-- What to work on --
Copying exactly, give the lines in the material below from the one with "20190814_171715.jpg Download STL" to the one with "FLO 92.313153YZ Burgundy", ends included, and nothing besides.
[Opening Records shown section]
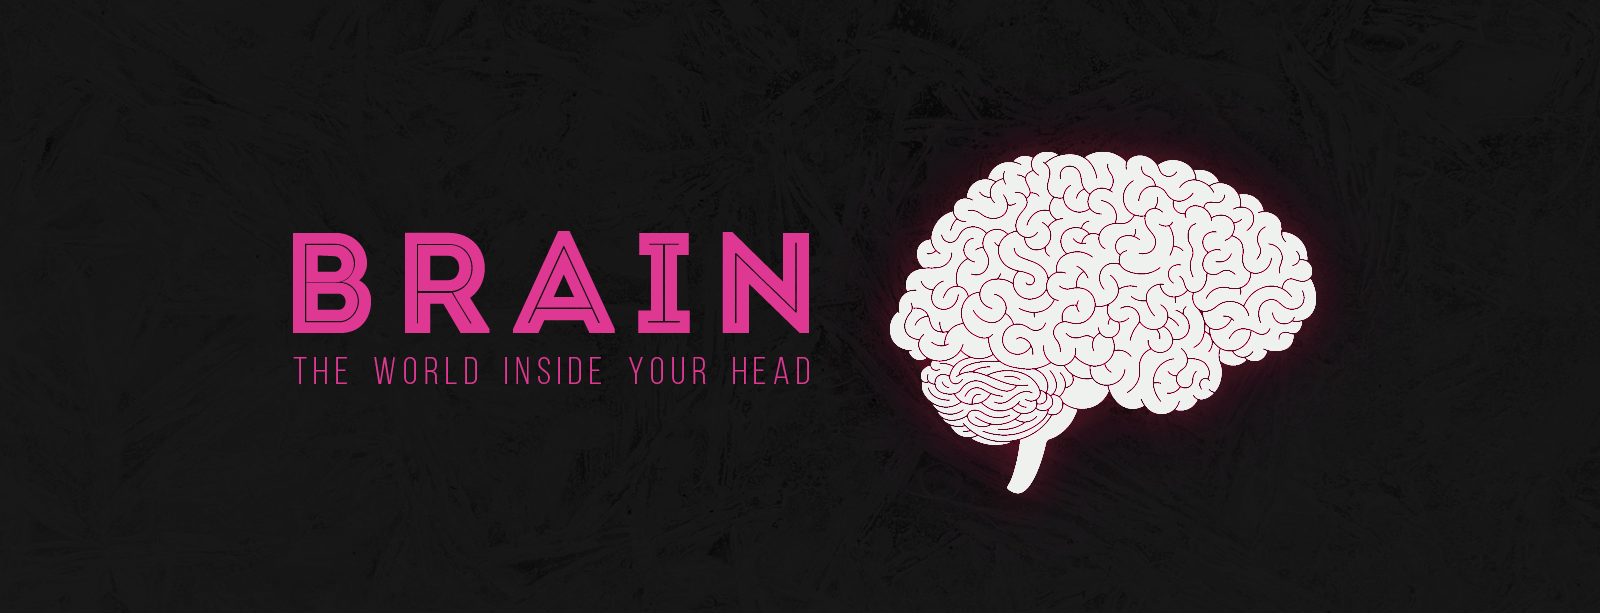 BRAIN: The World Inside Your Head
[Closing Records shown section]
[Opening Records shown section]
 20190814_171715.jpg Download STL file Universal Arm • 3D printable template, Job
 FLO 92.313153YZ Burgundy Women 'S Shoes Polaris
[Closing Records shown section]
-- Written response --
 20190814_171715.jpg Download STL file Universal Arm • 3D printable template, Job
 FLO 92.313153YZ Burgundy Women 'S Shoes Polaris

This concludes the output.